Family Life Cycle

Every family is a social system, which is always in interaction with the world around us. The family will maintain its functioning when it is subordinated to the basic laws, which are inextricably linked: the law aimed at preserving family stability and the law of its development. It will not be superfluous to note that the family's life cycle is accompanied by a periodic and consistent change in its stages.

As you know, the notion of a family that was recently created and the spouses who have lived together for many years, is different in the same way as the family life cycle.

Objective events and age-psychological changes in partners in the family can determine the development of life stages of each family.

Stages of the life cycle of the family

In psychology in the 40's, 20 cent. an idea arose about the stages of the life cycle of the family. Initially, there were about 24. At the moment, it is conditionally divided into the following stages:

  1. Stage of courtship.
  2. Living without children.
  3. Stage of the triad (appearance of children).
  4. A mature marriage.
  5. The stage in which children leave the house.
  6. "Empty nest".
  7. The final stage in which one of the spouses remains alone after the death of a partner.

Each stage before the spouses puts certain tasks. So, a family that successfully overcomes the emerging difficulties, set internal and external tasks, is called functional. Otherwise - dysfunctional. The right decision for a dysfunctional family will be to seek help from a psychologist. The life cycle of the development of the family assumes a crisis transition from one phase to another and not always the partners are able to see the opportunity to adapt to the new situation in the family life.

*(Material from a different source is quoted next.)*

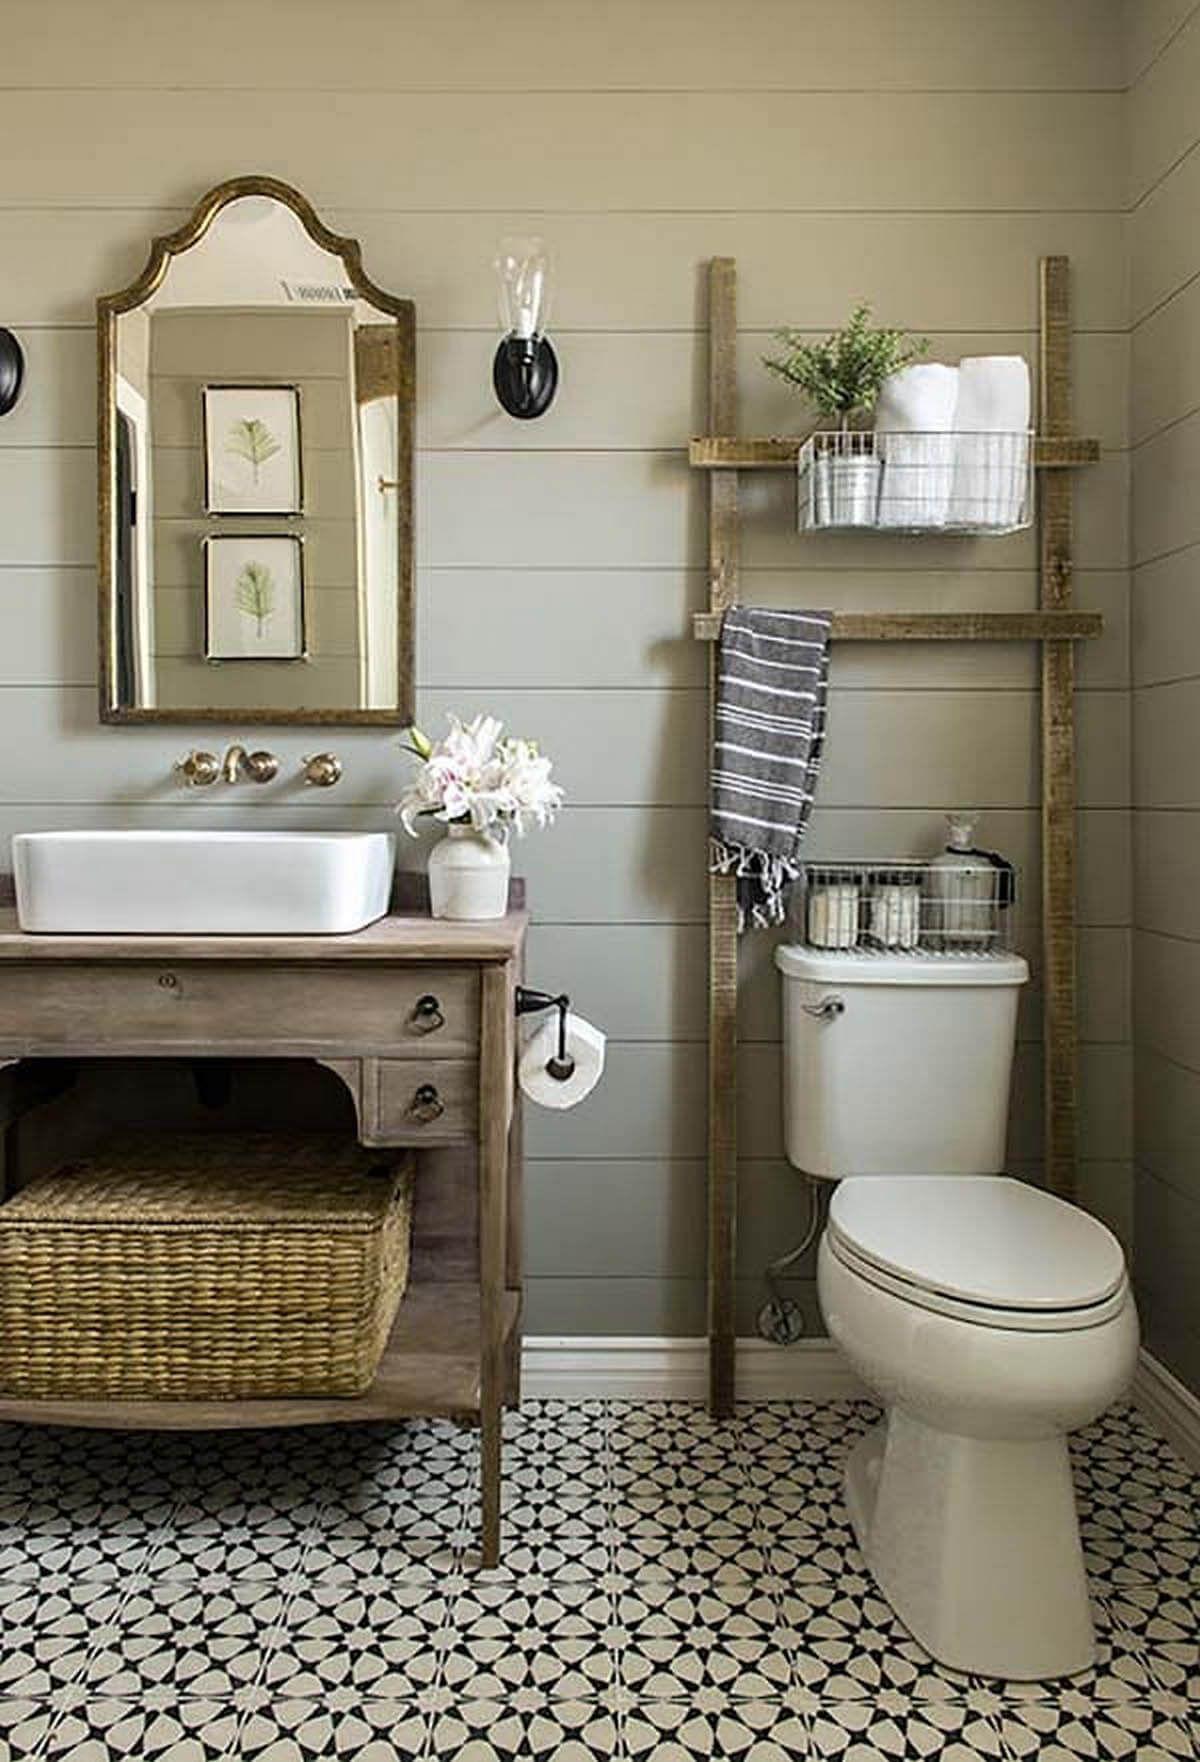 Échelle rustique sur les toilettes – pour les serviettes ?? Design de salle de bain à la …

The main stages of the life cycle of the family

The phases of the life cycle of the family have their own difficulties and problems, we will consider them in detail.

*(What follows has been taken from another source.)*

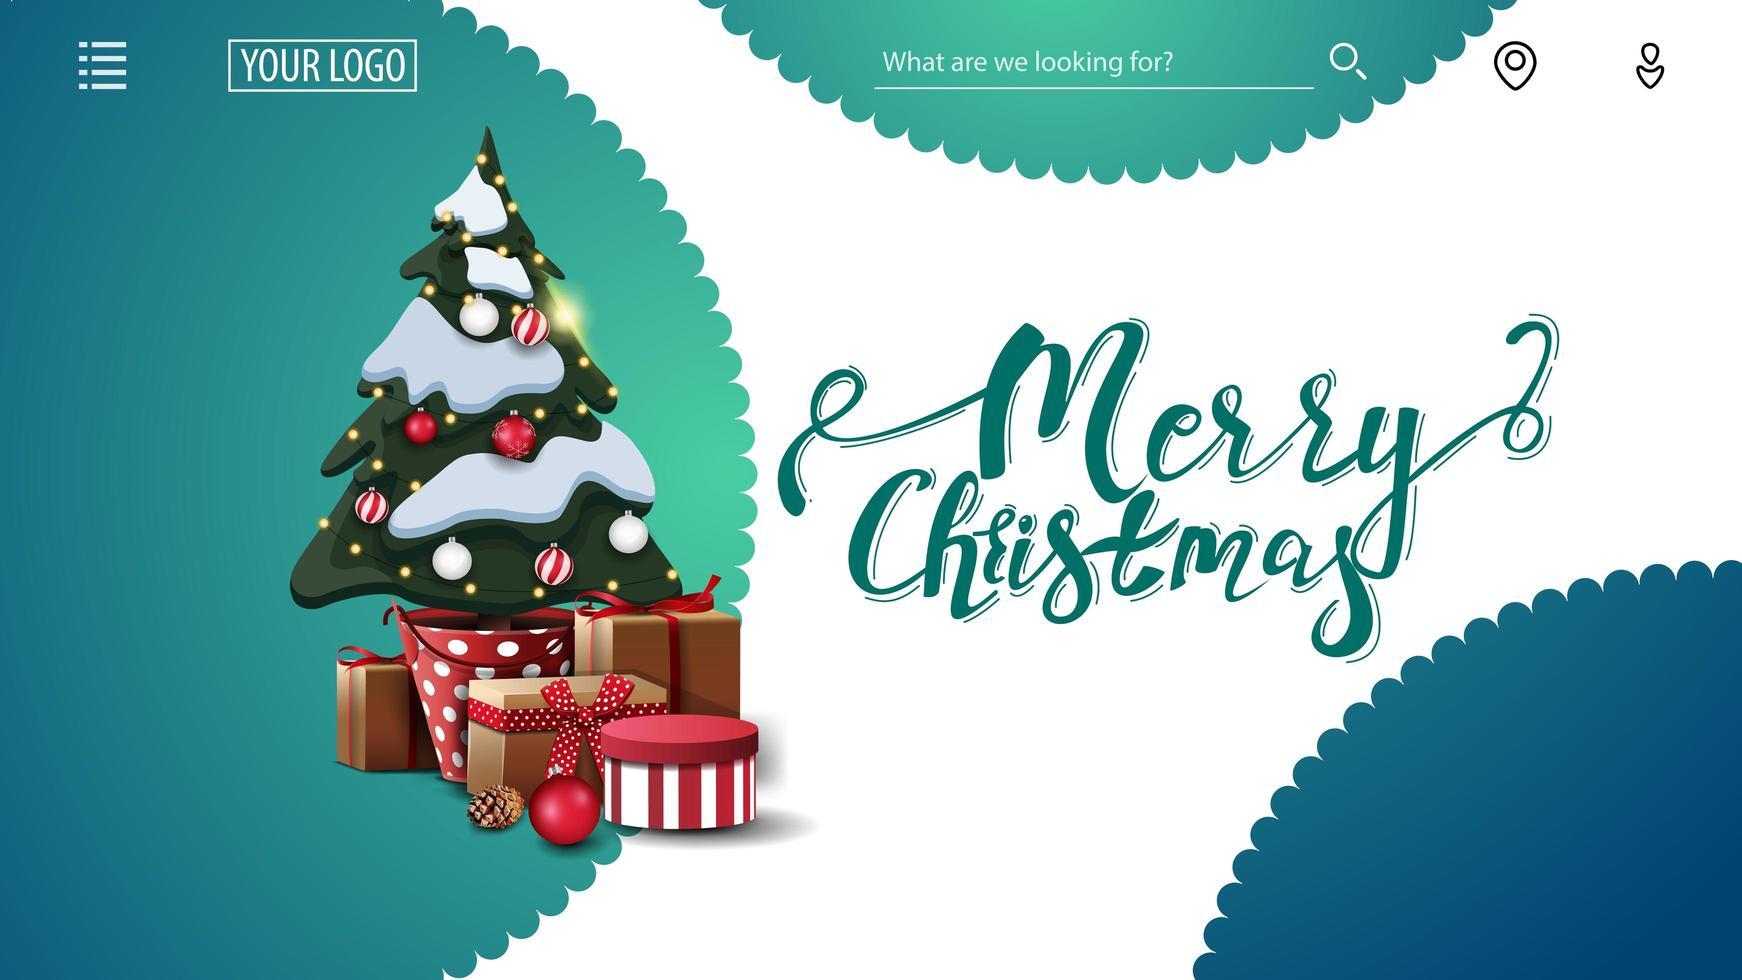 Frohe Weihnachten, grüne und weiße Grußkarte für Website mit dekorativen Kreisen und Weihnachtsbaum in einem Topf mit Geschenken vektor

  1. In the period of courtship before the wedding, the main goal is the desire to achieve material and psychological independence from the parental family definition with the choice of the future husband, business and emotional interaction with him.
  2. There are young couples who are not in a hurry to overcome this period. The reason for this - the fear hidden inside their family (the parent). And others on the contrary try to create their own family as soon as possible, thus freeing themselves from the close relationship of parents and children. Some can not marry due to financial and economic dislocation.
  3. In the period when a married couple lives without children, changes are established, related to their social status. Internal and external family boundaries are defined, whether or not interference in the family life of relatives is allowed. During this period, the partners spend a lot of time establishing negotiations with each other on various issues. It is not excluded the emergence of emotional, sexual and other problems.
  4. During the appearance of young children in the family, the spouses are divided into roles. This is due to paternity and motherhood, adaptation to mental stress, an insufficient load to be alone. In the event that an unwanted child appears, there are problems associated with the difficulties of education and understanding of the spouses, that parting will be difficult because of the appearance of the child.
  5. The crisis of the middle of family life falls on the period when children leave the parental "nest". In complete families during this period there is a large number of divorces. This stage is characterized by a high level of anxiety. Spouses need to decide on new goals, priorities, etc.
  6. At the last stage of the life cycle, the restructuring of the role structure in the family takes place in the direction of the decision to maintain health, creating a satisfactory standard of living for the well-being of both spouses.

So, the family passes through a certain life cycle during its development. The most important thing in this period is to overcome difficulties, striding leg in step with your partner.